Ближе к Волге стало совсем светло. По обе стороны от Великой Реки ветром, дующим с Рыбинского водохранилища, с прибрежного пейзажа посшибало хлопья тумана и несло вдоль воды. В Ярославле колко сверкали купола храмов, перезванивались трамваи, щёлкали пантографами троллейбусы, торопясь заглянуть окна в окна теплоходам.
Перед новой развязкой с Тутаевским шоссе отец Михаил попросил его высадить. Разговорчивый водитель тягача, не умолкавший всю дорогу, с сожалением перестроился в правый ряд и затормозил.
– Ты кем работаешь-то? – спросил он вдруг отца Михаила, когда тот уже поблагодарил и взялся за ручку двери.
– Настоятелем.
– Самогон на шишках настаиваешь?
– Настоятелем храма, – и почему-то добавил: – сельского.
– Монах?
Отец Михаил поморщился, хотя давно привык, что люди далёкие от Церкви не разбираются в простых вещах.
– Приходской священник.
– Ух ты! Я смотрю, волосы длинные, как у старого рокера, а на рокера не похож. Много получаешь? Ну, то есть, какая у вас там зарплата? Говорят, деньгу зашибаете?
Отец Михаил взглянул на водилу поверх очков. Тот осёкся.
– Ладно, бывай, настоятель! Извини, что так вышло. Сам понимаешь, никто не знает, как оно сложится. Удачи… – Водила замялся. – И помолись там за меня. За раба божьего Василия.
До Тутаева отец Михаил добрался только к трём часам дня на рейсовом автобусе. Пока спускался по лестнице, паром отчалил и, когда отец Михаил дошёл до касс, зычно загудел на середине Волги. Пришлось идти к моторкам. Они стояли чуть выше по течению. Чтобы самому не платить за весь рейс, потребовалось ждать, пока наберётся четверо пассажиров. Наконец всем нацепили выцветшие, похожие на пожухлые листья спасательные жилеты и отчалили. Паром к тому времени вновь гудел, уже отходя с Романовской стороны.
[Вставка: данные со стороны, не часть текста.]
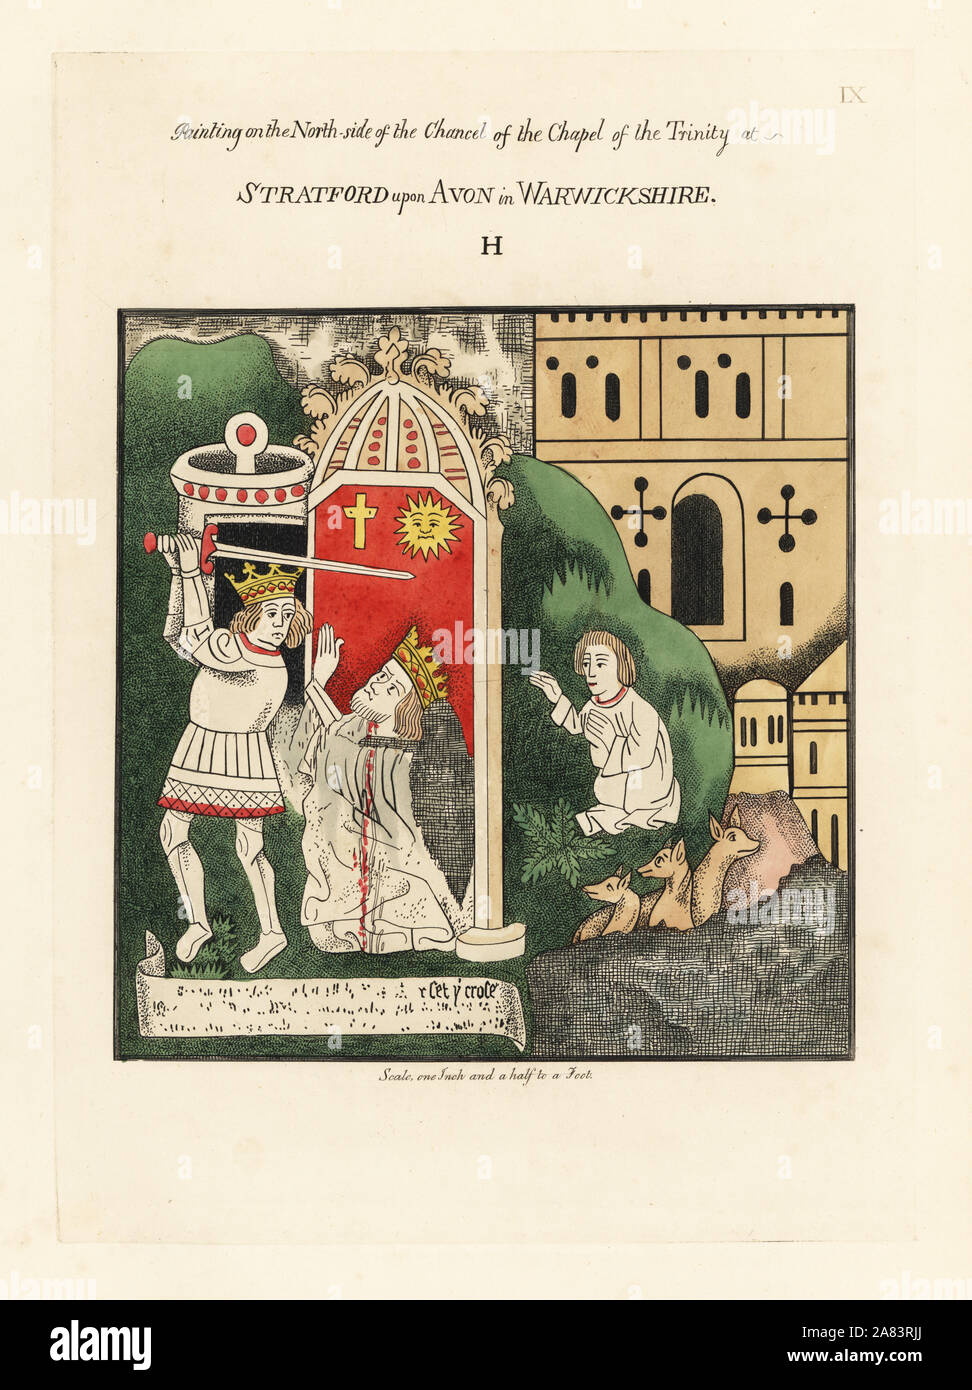 Byzantine Emperor Heraclius decapitating Sassanid Persian King Khosrau II. Handcoloured etching drawn and etched by Thomas Fisher from his Paintings on the Walls of the Chapel of the Trinity, Stratford upon Avon, 1808. Stock Photo

Только лодка ткнулась носом в песок, отец Михаил первым соскочил на берег. Он скинул с себя жилет, повесил сумку с облачением на плечо, в руку взял пакет со всяким хламом из машины и побежал вверх по деревянной лестнице, словно в детстве перепрыгивая через ступеньки. Но уже на середине запыхался так, что сердце стучалось в кадык. Дальше поднимался медленно, то и дело останавливаясь, присаживаясь ненадолго на скамейки, крашенные такой же, как тогда и всегда, синей краской, и глядел на блестящую между стволов деревьев Волгу. Свежеположенный асфальт на улице Панина после ливня успел просохнуть, и на обочинах блестела слюдой гранитная щебёнка. Отец Михаил свернул направо и пошёл дальше по Волжской набережной. Она показалась почему-то темней и сильно уже, нежели в детстве. На обочинах, прижатые к стенам домов, стояли припаркованные авто. Где-то во дворах, больно царапая воздух, звенела болгарка.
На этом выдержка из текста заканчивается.